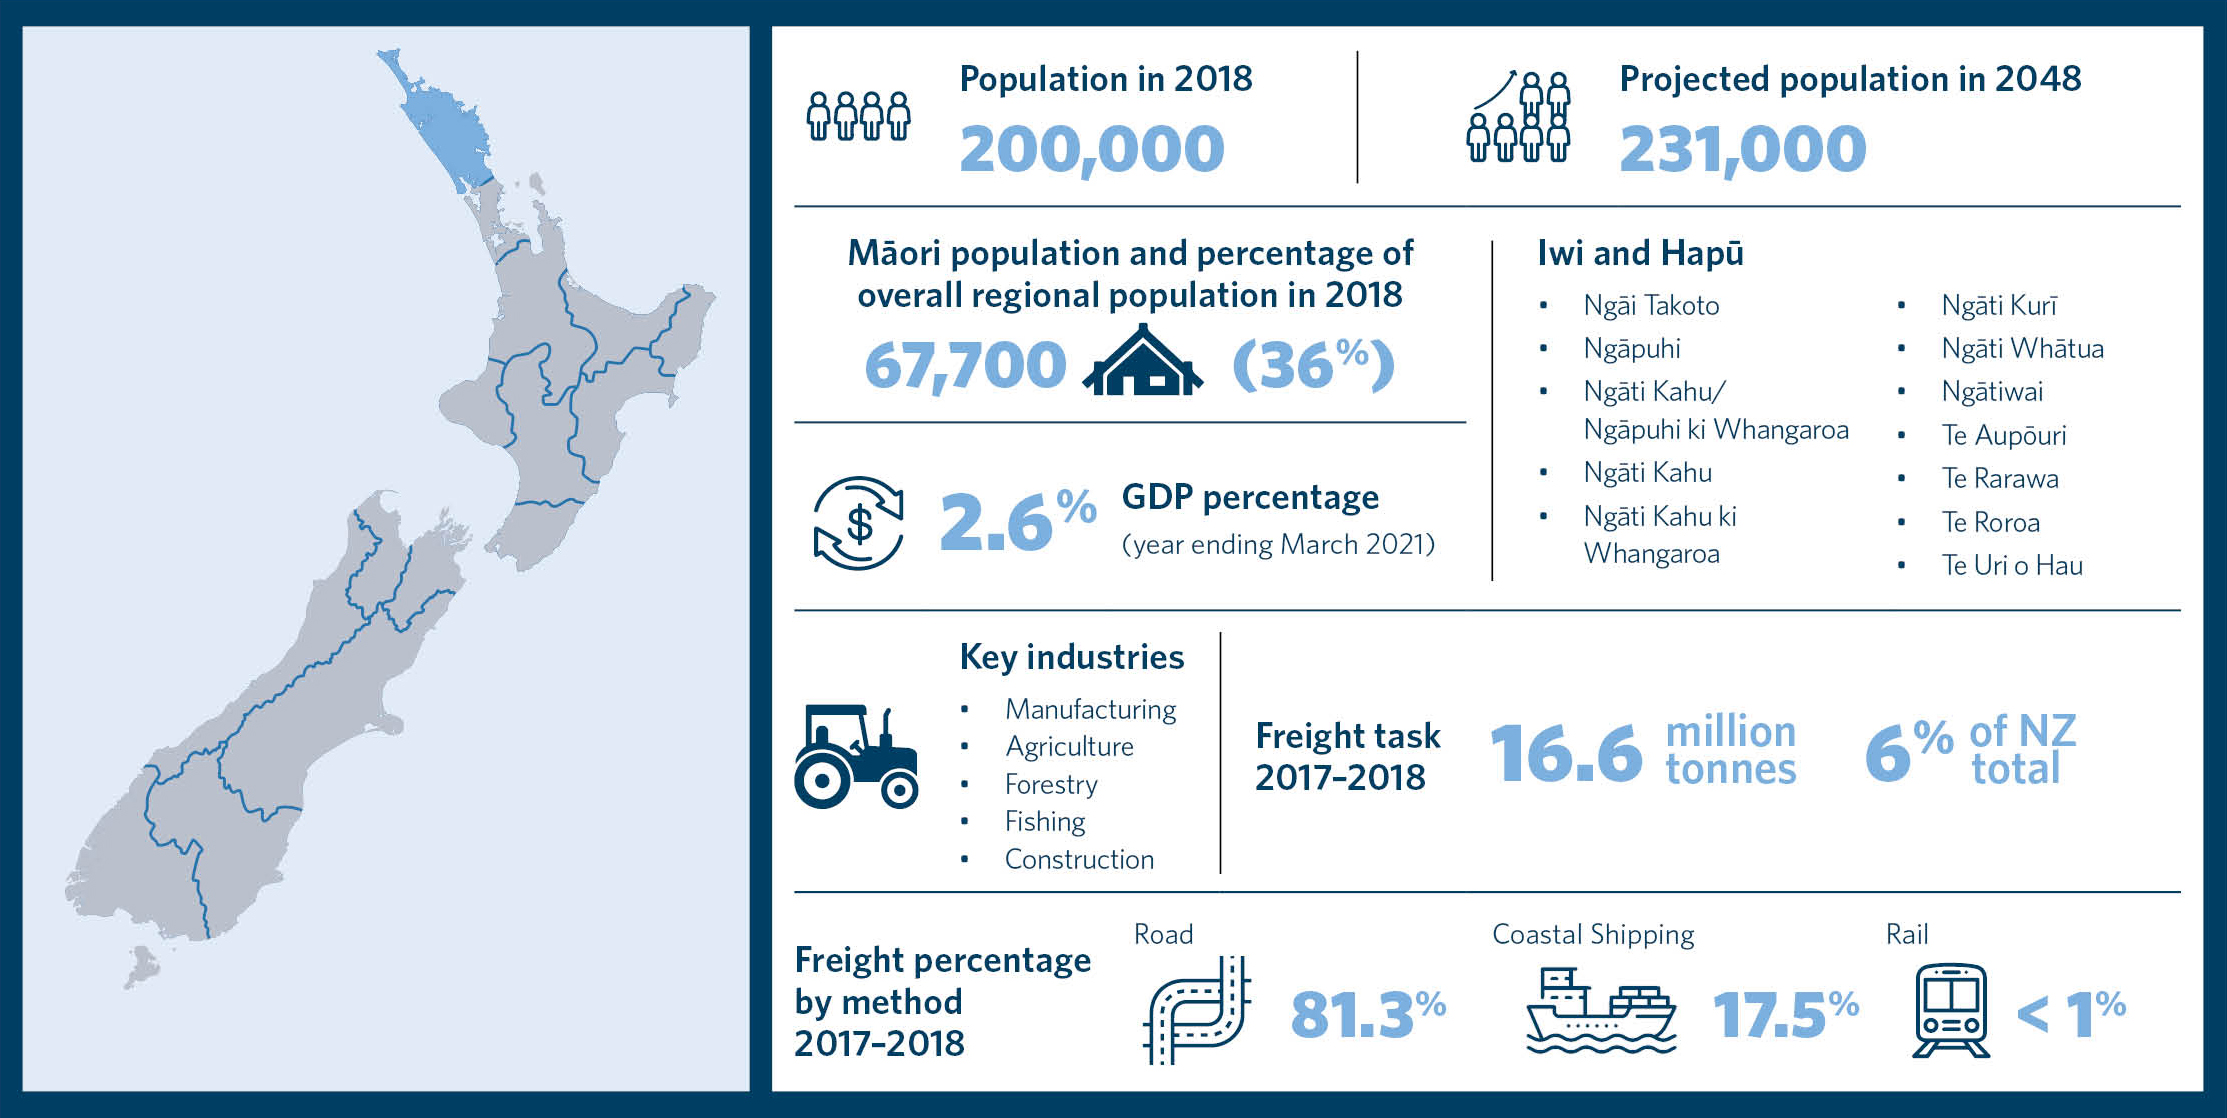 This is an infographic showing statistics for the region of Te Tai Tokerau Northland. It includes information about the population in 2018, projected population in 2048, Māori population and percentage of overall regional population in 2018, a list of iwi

********

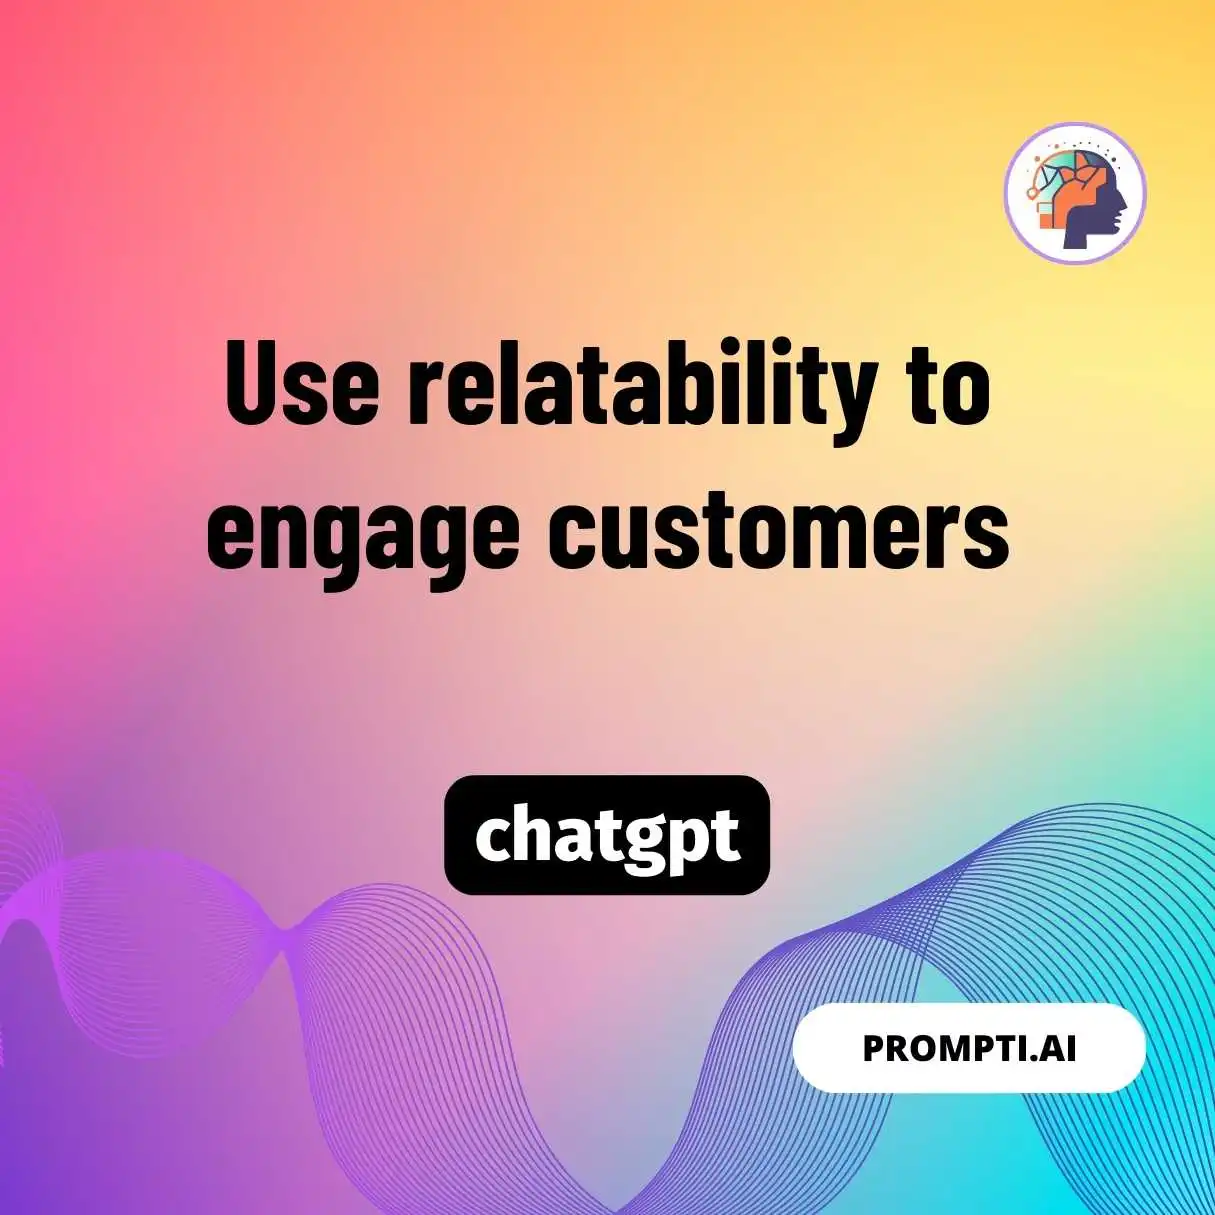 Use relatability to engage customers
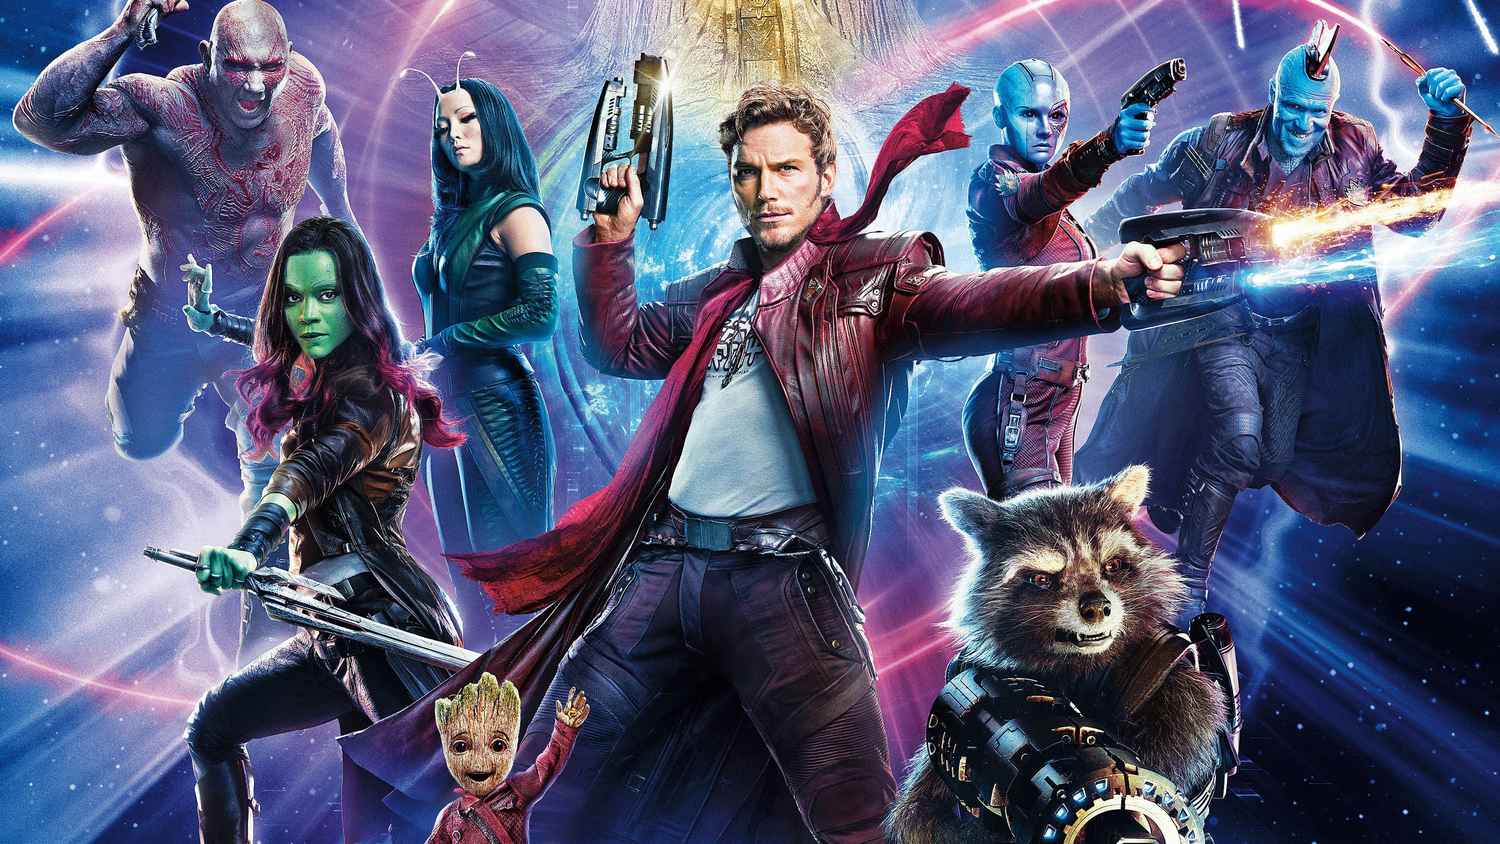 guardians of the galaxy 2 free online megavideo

********

= ACTIVITY =
Retype the lines above exactly as they appear, from the line containing "Use relatability to engage customers" through the line containing "guardians of the", and leave out any pictures.

= SOLUTION TO THIS PROBLEM =
 Use relatability to engage customers
 guardians of the galaxy 2 free online megavideo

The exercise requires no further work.